# [DIRECTIONS]
Retype exactly what runs from the first line of the data to the line with "Harry Potter - Albus", keeping both of those lines and skipping pictures.

(Beginning of SOURCE DATA)

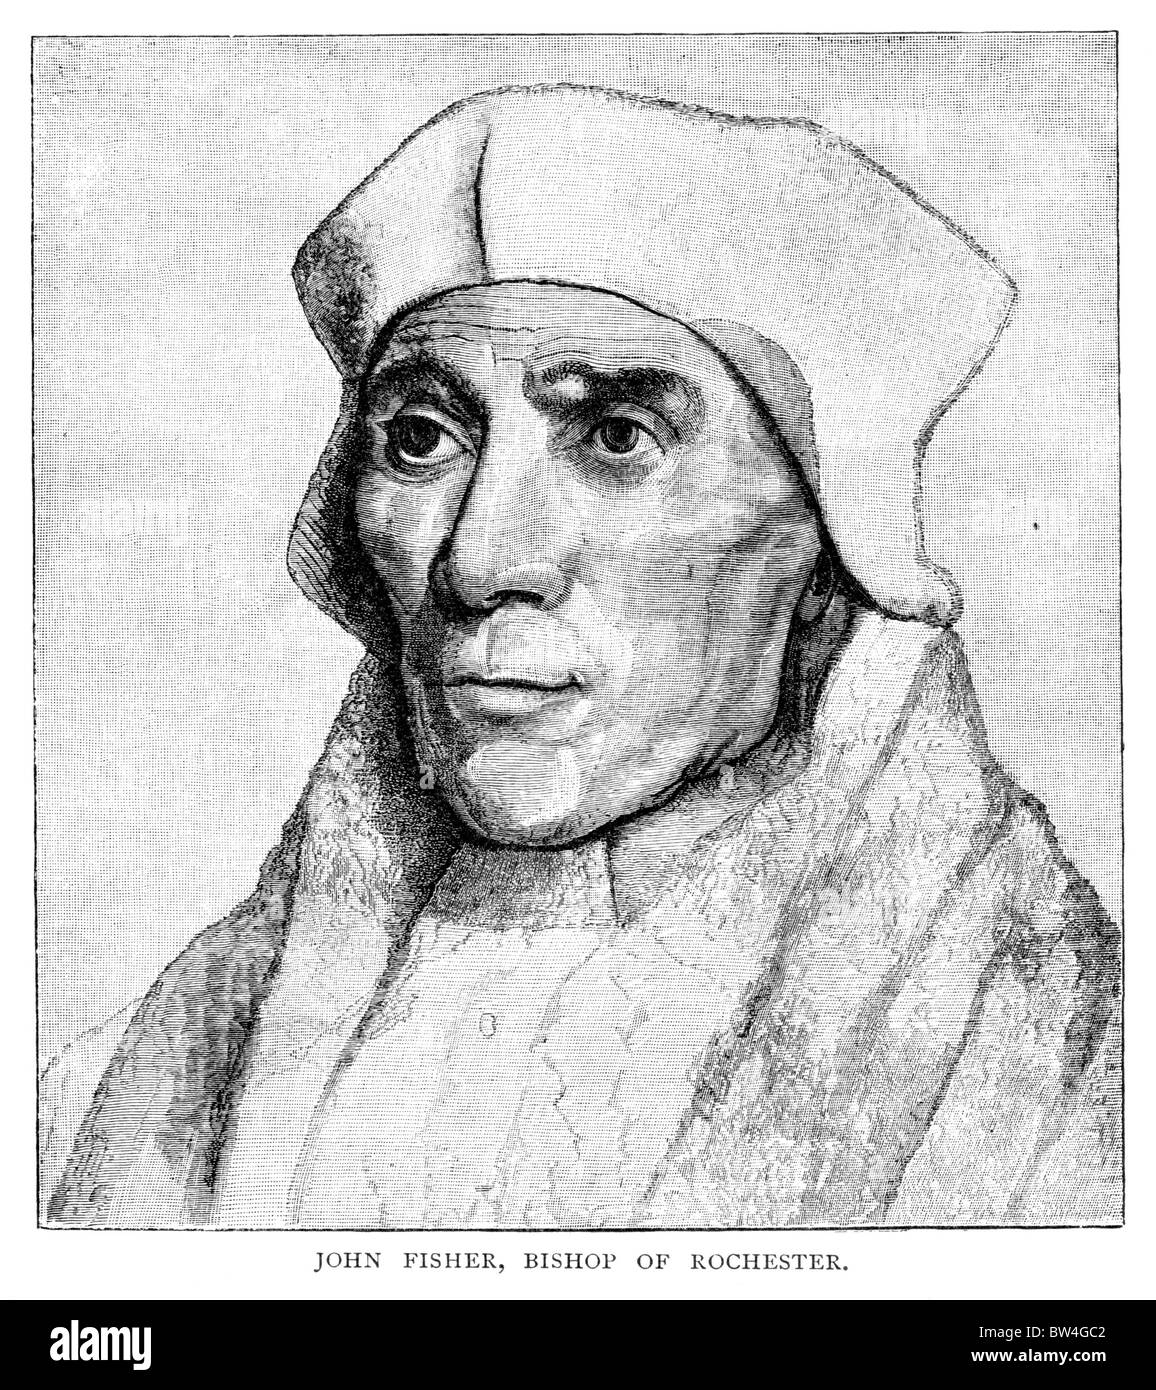 El cardenal John Fisher, obispo de Rochester, santa y mártir; ilustración en blanco y negro de un dibujo de Holbein Foto de stock
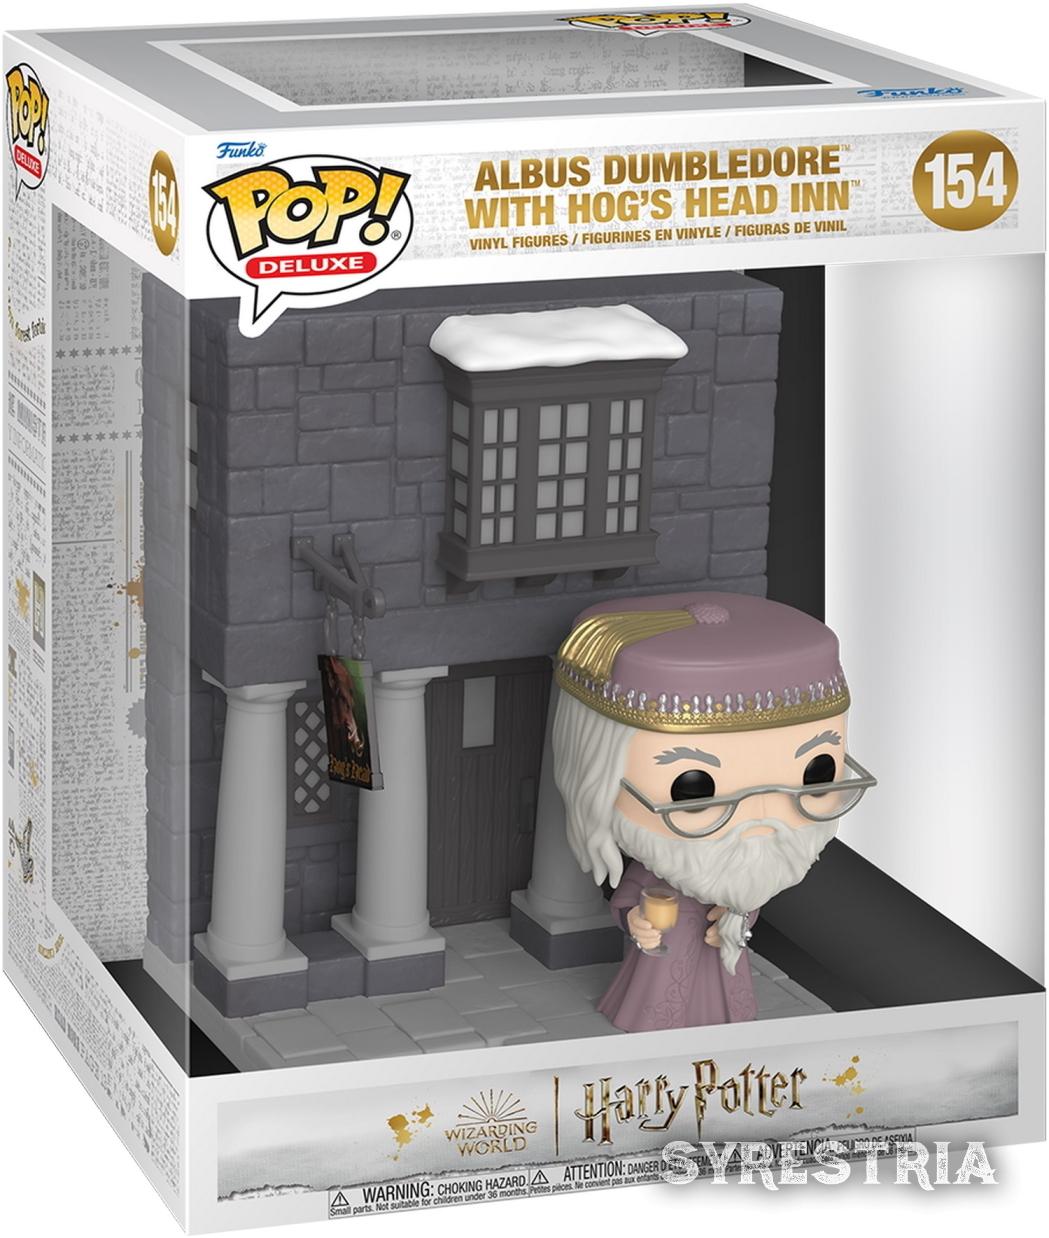 Harry Potter - Albus Dumbledore with Hog's Head inn 154 - Funko Pop! Deluxe
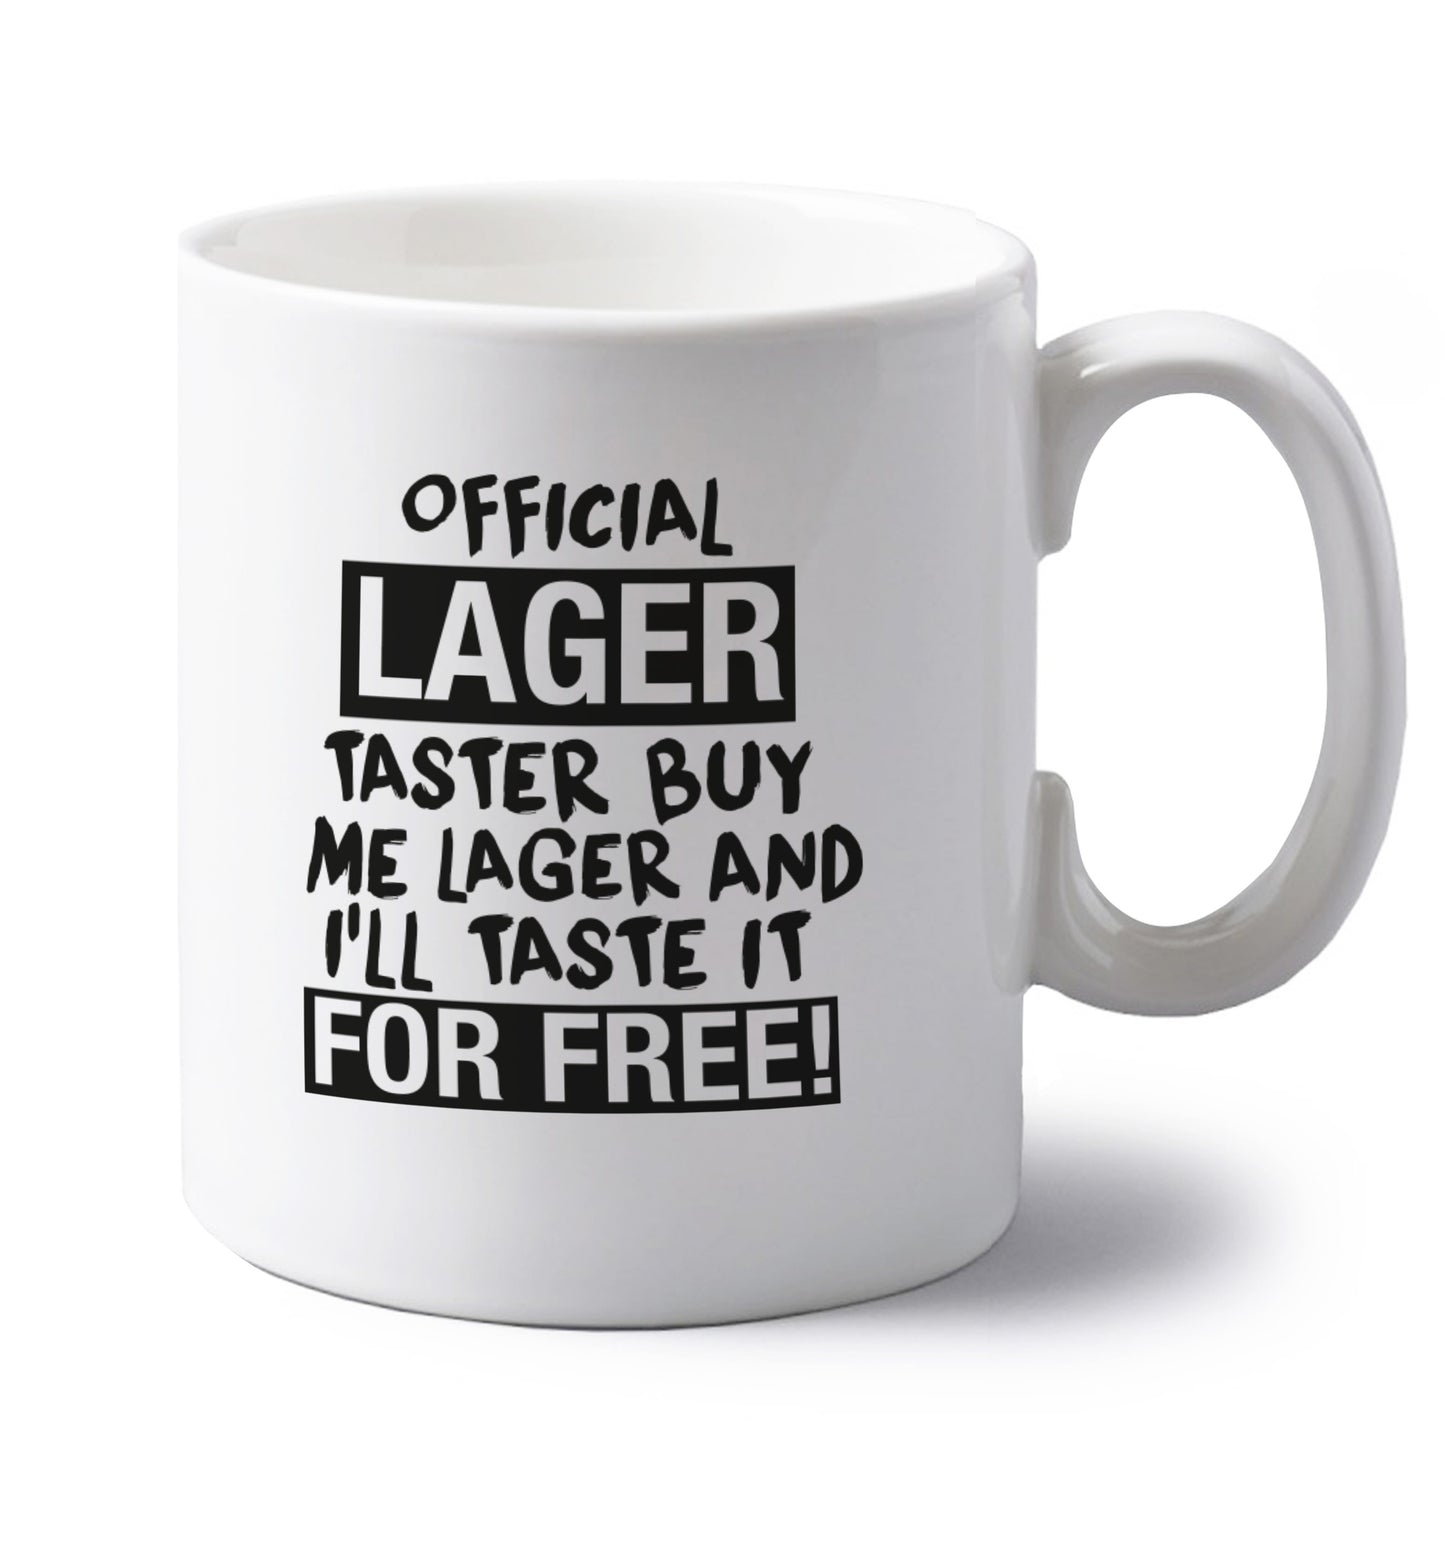 Official lager taster buy me lager and I'll taste it for free! left handed white ceramic mug 
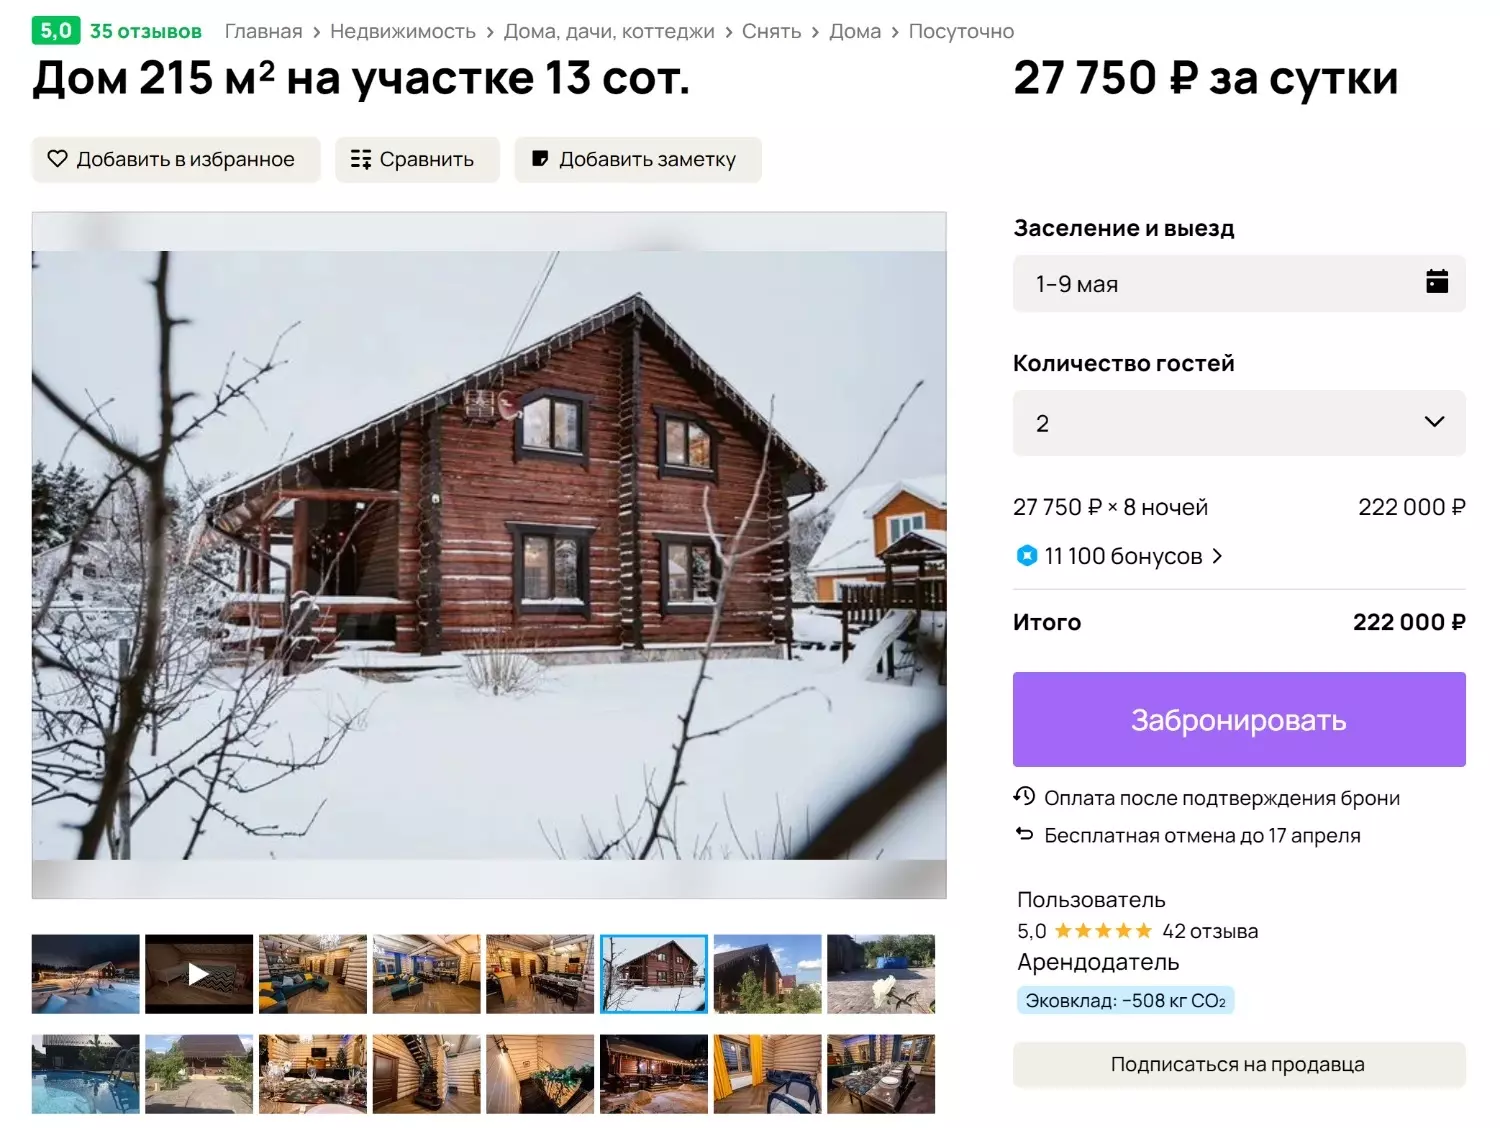 Бронируя дом в Московской области на майские праздники, стоит быть готовым к очень высоким ценам

(End of SOURCE DATA)

# [SOLUTION TO THIS EXERCISE]
 El cardenal John Fisher, obispo de Rochester, santa y mártir; ilustración en blanco y negro de un dibujo de Holbein Foto de stock
 Harry Potter - Albus Dumbledore with Hog's Head inn 154 - Funko Pop! Deluxe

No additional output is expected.